A rigorous proof for a Riemann-like sum

For any $x\in[0,1]$ we have $x-\frac{x^3}{6}\leq\sin(x)\leq x$. We have that $$ \lim_{n\to +\infty}\sum_{k=1}^{n}\sin\left(\frac{k}{n}\right)\frac{k}{n^2} = \int_{0}^{1}x\sin(x)\,dx = \sin(1)-\cos(1)\tag{1}$$ since $x\sin(x)$ is a continuous function on $[0,1]$, hence a Riemann-integrable function.
For the same reason $$ \lim_{n\to +\infty}\sum_{k=1}^{n}\sin\left(\frac{k}{n}\right)\frac{k^3}{n^4} = \int_{0}^{1}x^3\sin(x)\,dx = 5\cos(1)-3\sin(1)\tag{2}$$ hence $\sum_{k=1}^{n}\sin\left(\frac{k}{n}\right)\frac{k^3}{6n^6}=O\left(\frac{1}{n^2}\right)$ and we are allowed to simply replace $\sin\left(\frac{k}{n^2}\right)$ with $\frac{k}{n^2}$ in the given sum: the difference of the associated sums is negligible for large values of $n$.

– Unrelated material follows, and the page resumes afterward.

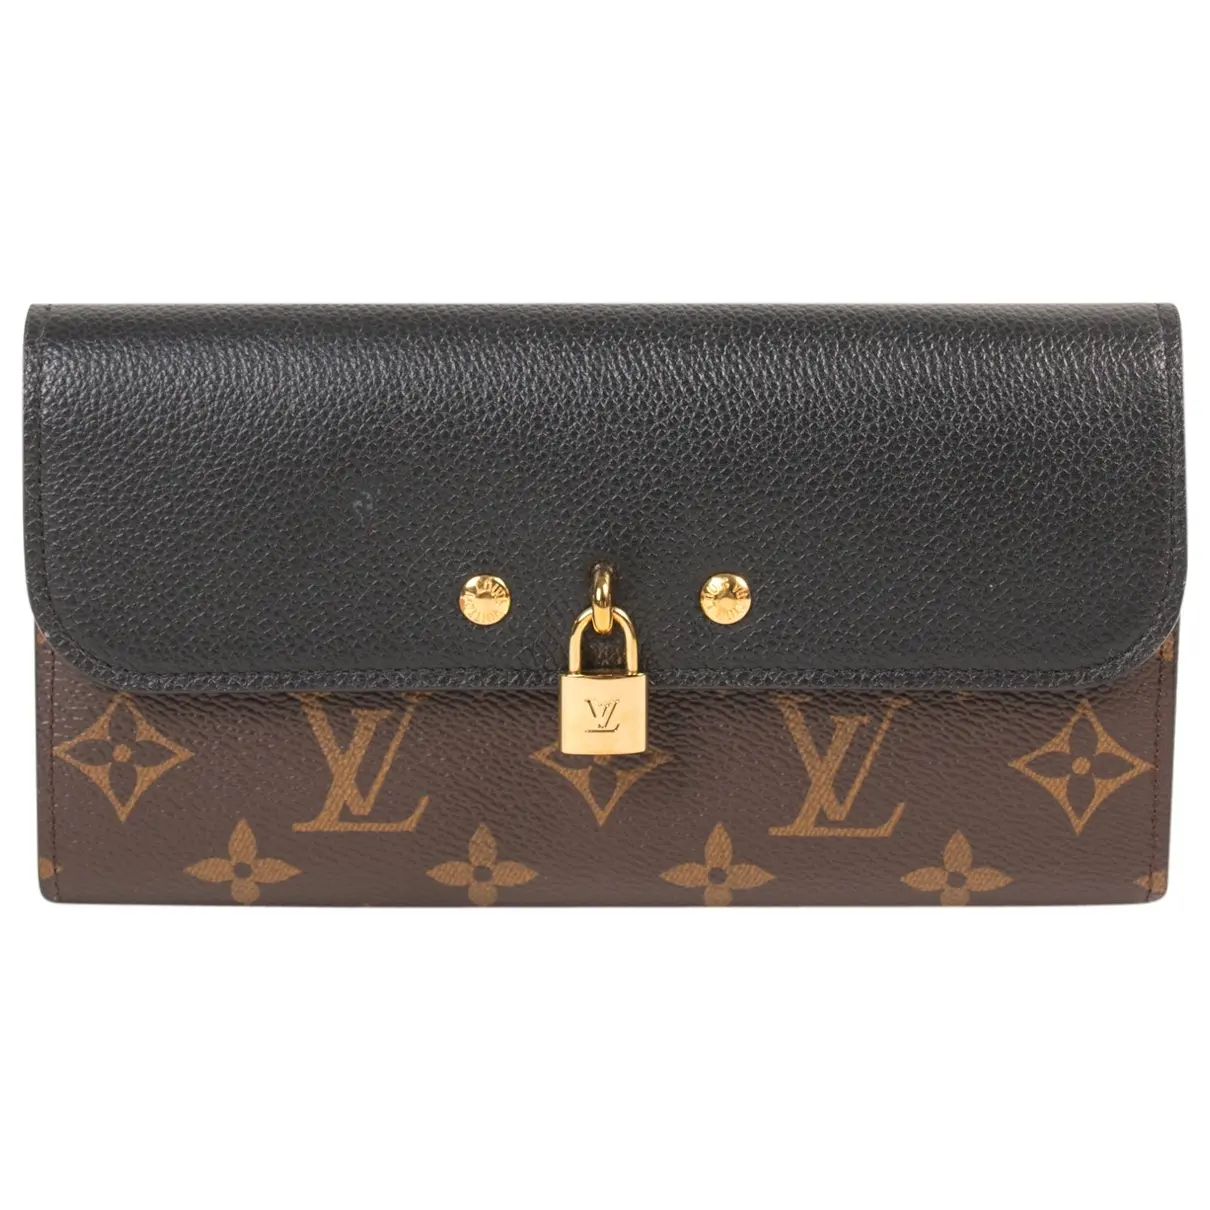 Vénus leather wallet Louis Vuitton

This is similar to Jack D'Aurizio's answer, but I think it might be clearer to use big-O notation. Here we can use that $\sin(x)=x+O\!\left(x^3\right)$: $$ \begin{align} \lim_{n\to\infty}\sum_{k=1}^n\sin\left(\frac{k}{n}\right)\sin\left(\frac{k}{n^2}\right) &=\lim_{n\to\infty}\sum_{k=1}^n\sin\left(\frac{k}{n}\right)\left(\frac{k}{n^2}+O\left(\frac{k^3}{n^6}\right)\right)\\ &=\lim_{n\to\infty}\sum_{k=1}^n\sin\left(\frac{k}{n}\right)\frac{k}{n}\frac1n+\lim_{n\to\infty}O\left(\frac1{n^2}\sum_{k=1}^n\sin\left(\frac{k}{n}\right)\frac{k^3}{n^3}\frac1n\right)\\ &=\int_0^1\sin(x)\,x\,\mathrm{d}x+\lim_{n\to\infty}O\!\left(\frac1{n^2}\right)\int_0^1\sin(x)\,x^3\,\mathrm{d}x\\[3pt] &=\int_0^1\sin(x)\,x\,\mathrm{d}x\\[3pt] &=-\cos(1)+\int_0^1\cos(x)\,\mathrm{d}x\\[9pt] &=\sin(1)-\cos(1) \end{align} $$